Performant NPM: Performant NPM: Performant NPM: Performant NPM: Performant NPM: Performant NPM: Performant NPM: Performant NPM: Performant NPM

At present, PNPM has been practiced and implemented in many projects within Byte. For example, TikTok FE team in the figure below, the latest version of Monorepo tool developed by our team also uses PNPM as a dependency management tool at the bottom by default.

Compared with yarn/ NPM, PNPM has significantly improved the performance of the two commonly used package management tools. According to the benchmark data provided by the authorities, PNPM is about twice faster than NPM/YARN in some comprehensive scenarios:

In this article, we will introduce some of PNPM’s dependency management optimizations, its use in Monorepo compared to Yarn Workspace, and some of the current drawbacks of PNPM, including some of the things PNPM will do in the future.

Dependency management

This section takes a look at PNPM’s optimization techniques for dependency management that are different from normal package management tools.

Hard link mechanism

The introduction of PNPM is inseparable from the optimization of PNPM’s installation dependencies.

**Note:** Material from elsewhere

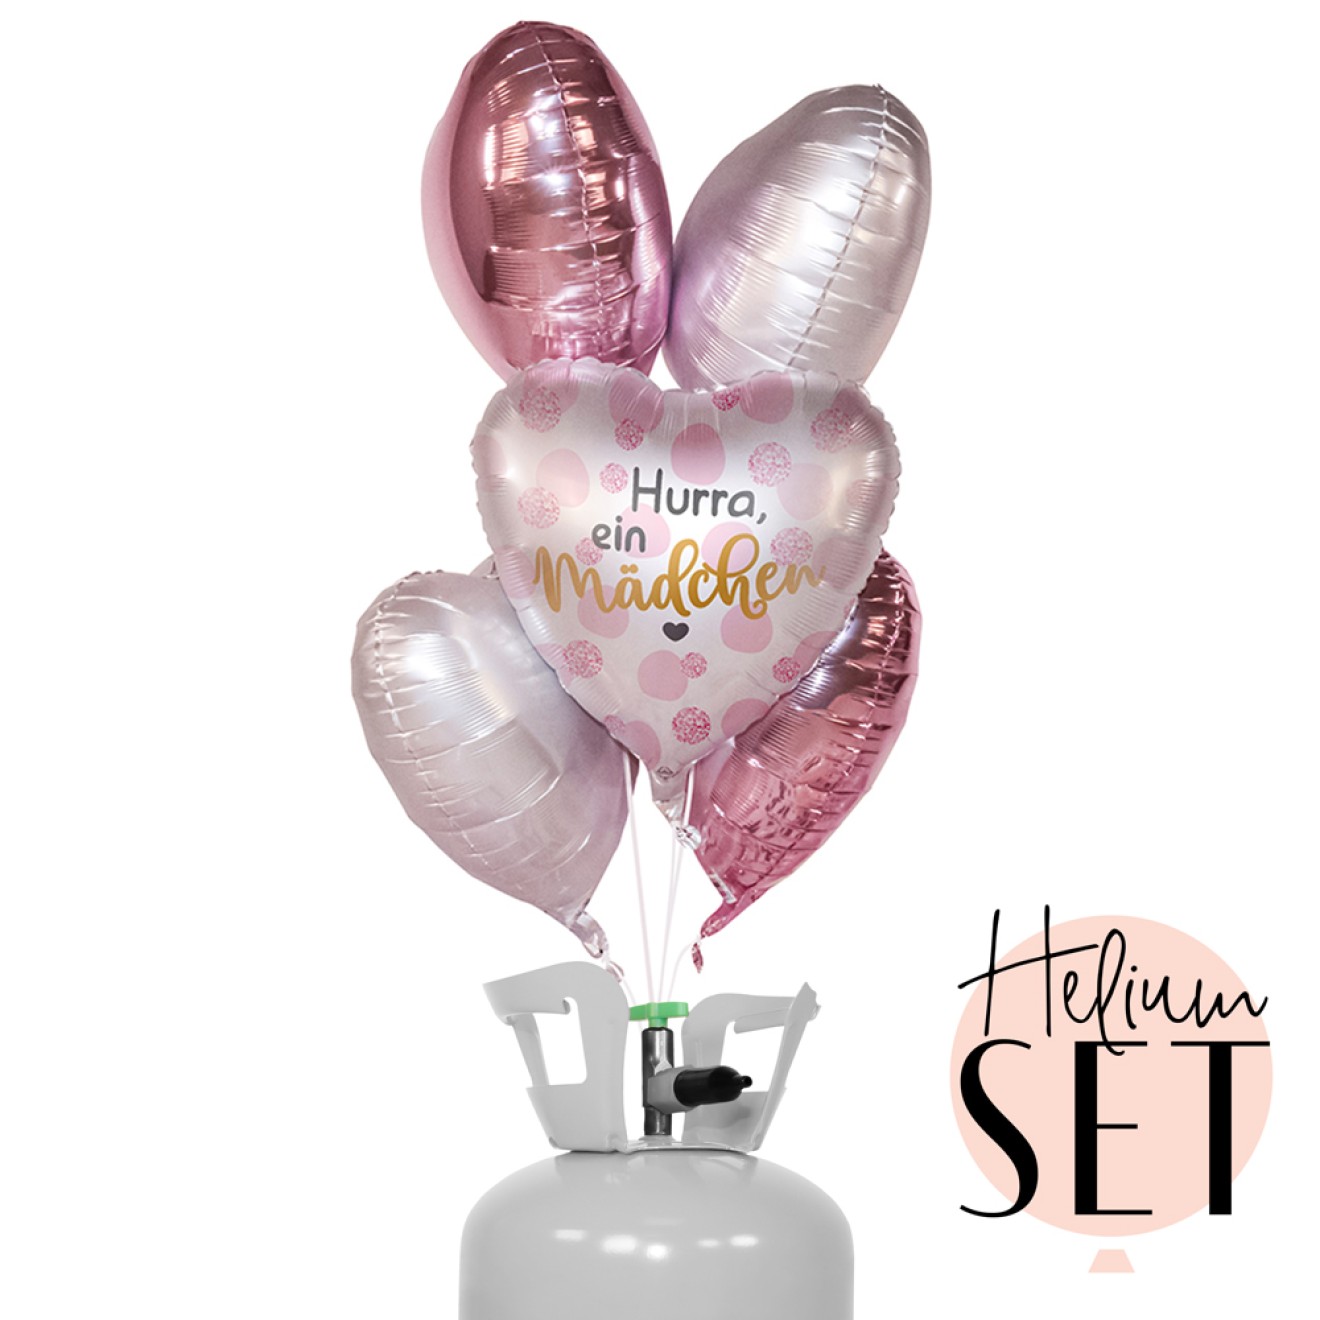 Helium Set - Hurra, ein Mädchen

The benchmark chart above shows a significant performance improvement.

So how did PNPM achieve such a big boost? This is because of a mechanism in computers called Hard Link, which allows users to find a file using different path references. PNPM stores the hard links of the project node_modules file in the global store directory.

For example, there is a 1MB dependency a in the project. In PNPM, it looks like this dependency takes up 1MB of both the node_modules directory and 1MB of the global store directory (adding up to 2MB). But because the hard Link mechanism allows the same 1MB space in two directories to be addressed from two different locations, the A dependency actually only takes 1MB of space, not 2MB.

The Store directory

In the previous section, the Store directory is used to store dependent hard links, so this section takes a quick look at the Store directory.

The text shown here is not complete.